Under this line are records; the part from the line containing "Affiliate marketing for" through the line containing "U.K.'s Favorite Maltesers" should be repeated exactly. Please exclude pictures.

Segment Start: INFORMATION GIVEN

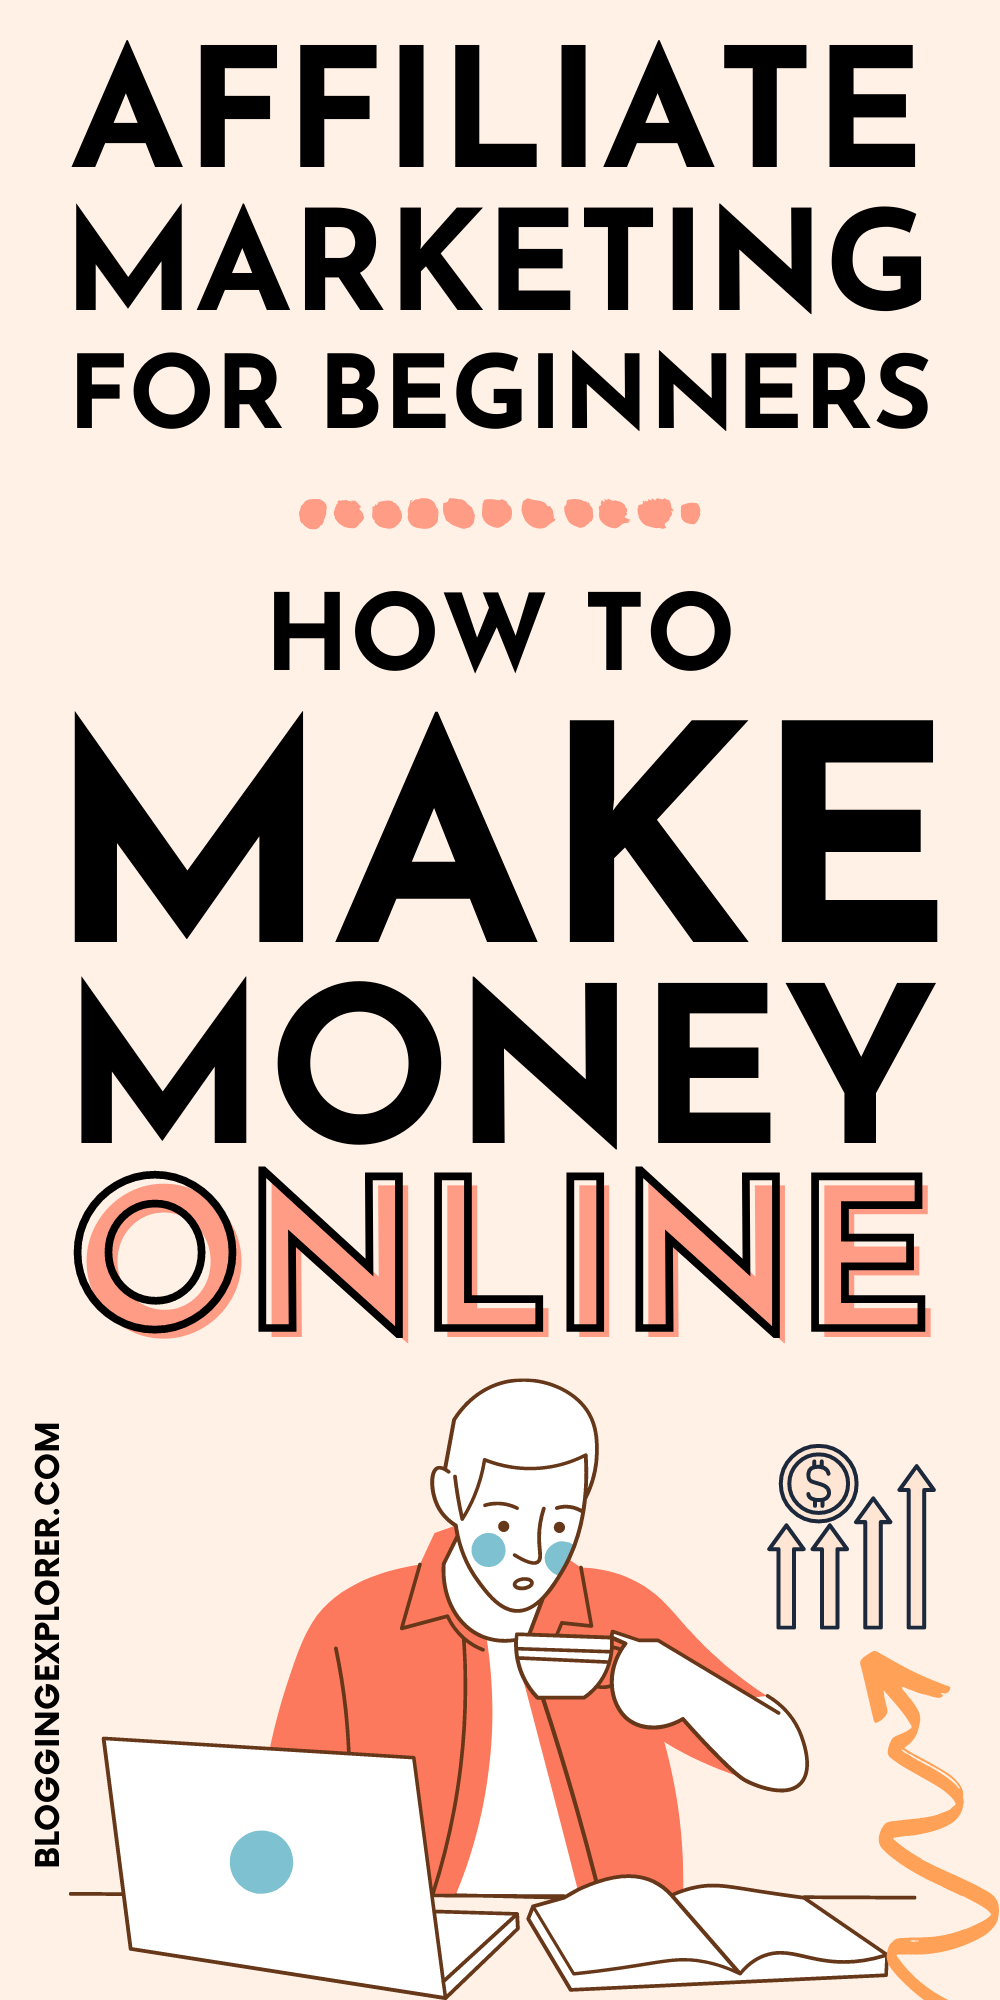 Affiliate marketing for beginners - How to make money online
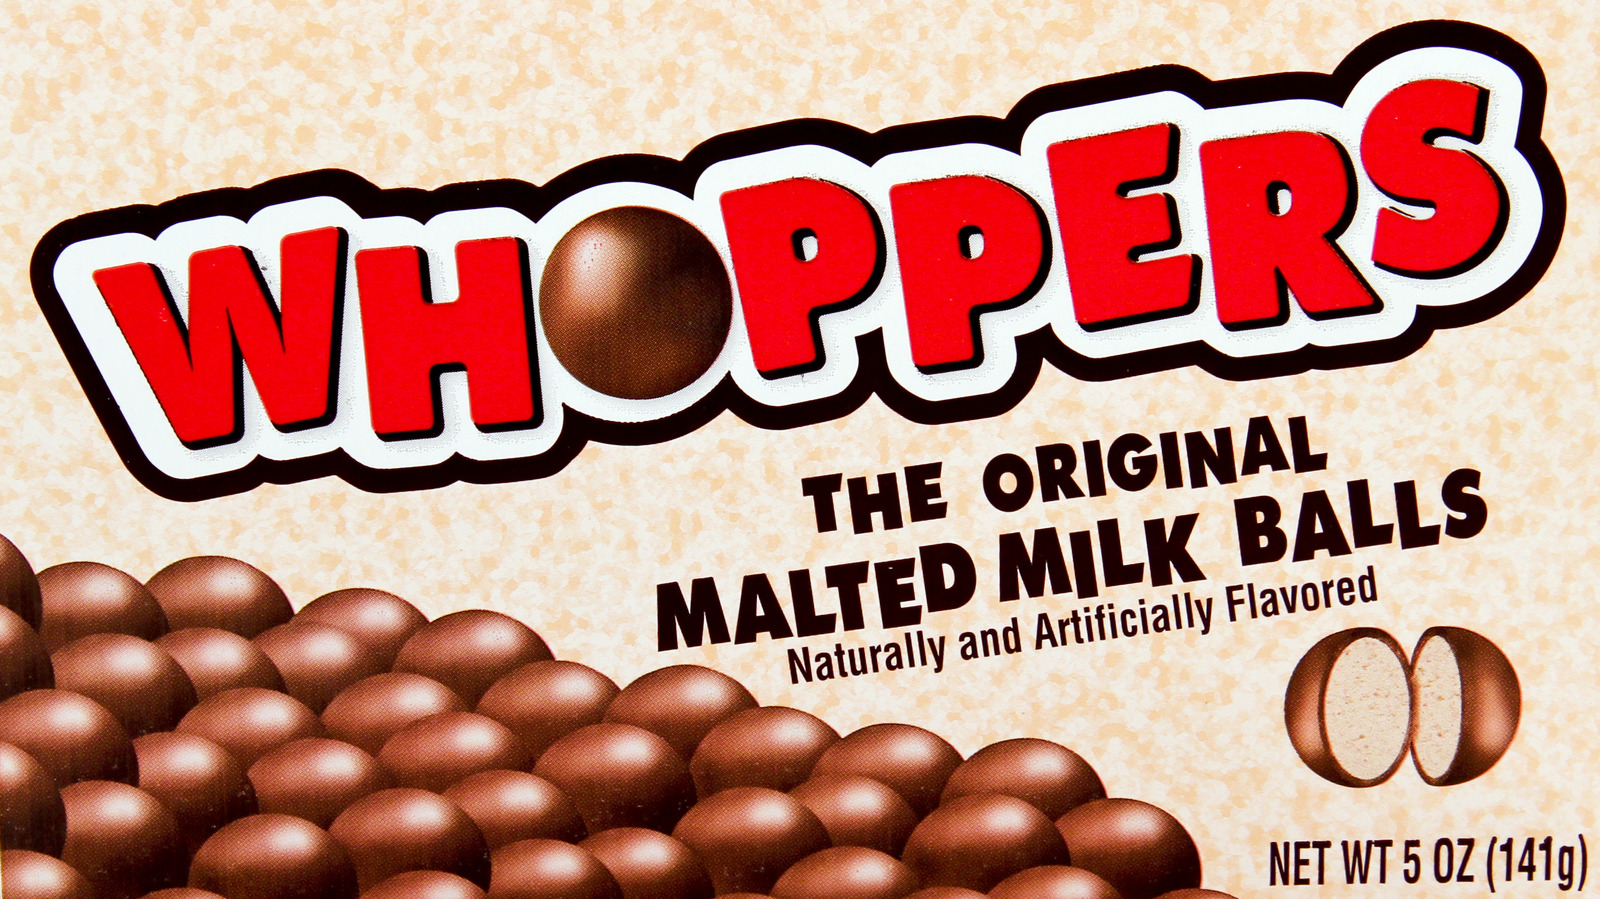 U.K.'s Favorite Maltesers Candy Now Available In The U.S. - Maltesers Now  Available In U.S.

Segment End: INFORMATION GIVEN
Segment Start: INFORMATION GIVEN

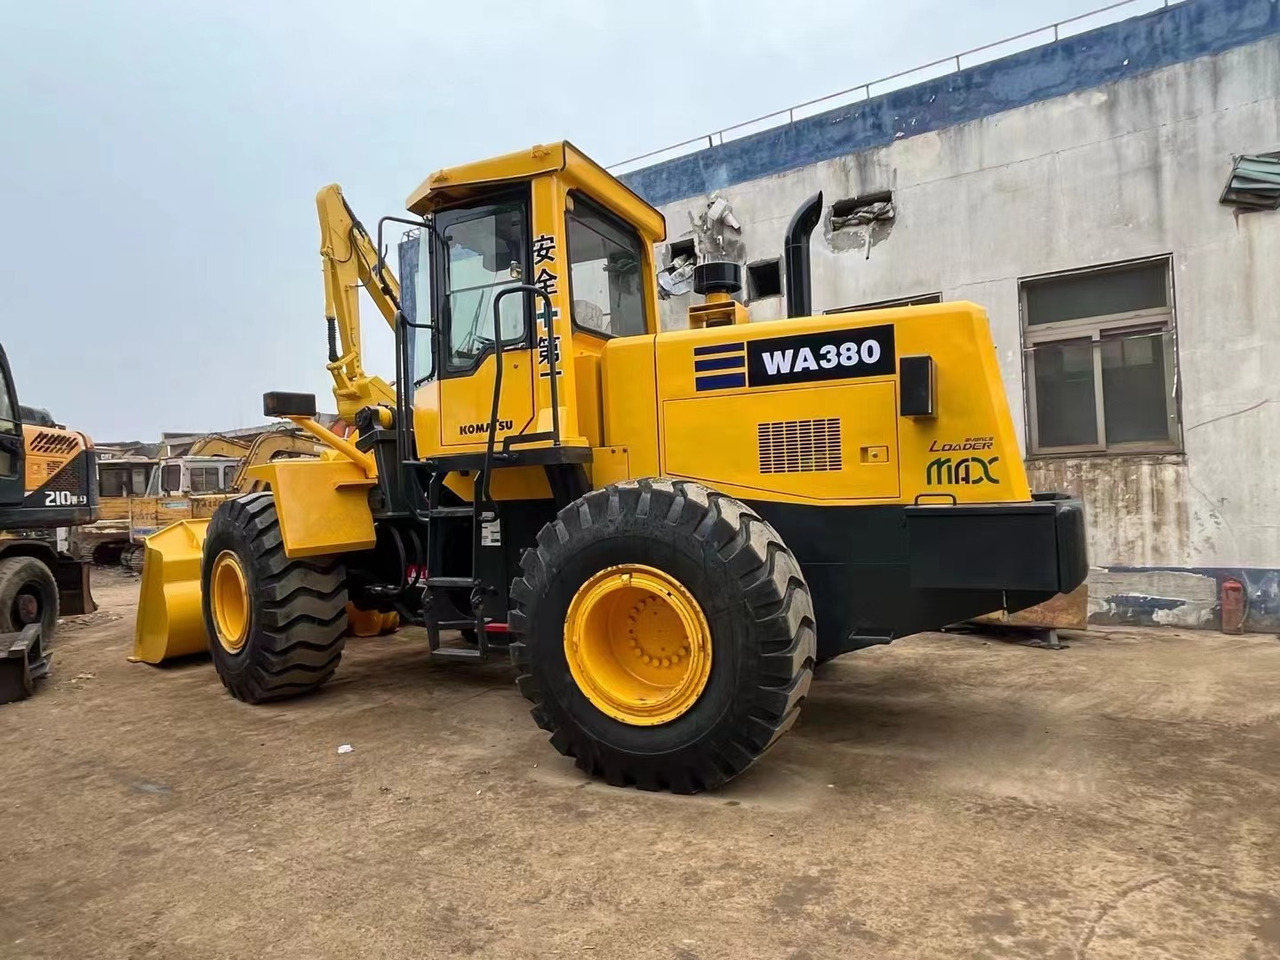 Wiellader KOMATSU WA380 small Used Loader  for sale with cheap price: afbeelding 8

Segment End: INFORMATION GIVEN

ANSWER
 Affiliate marketing for beginners - How to make money online
 U.K.'s Favorite Maltesers Candy Now Available In The U.S. - Maltesers Now  Available In U.S.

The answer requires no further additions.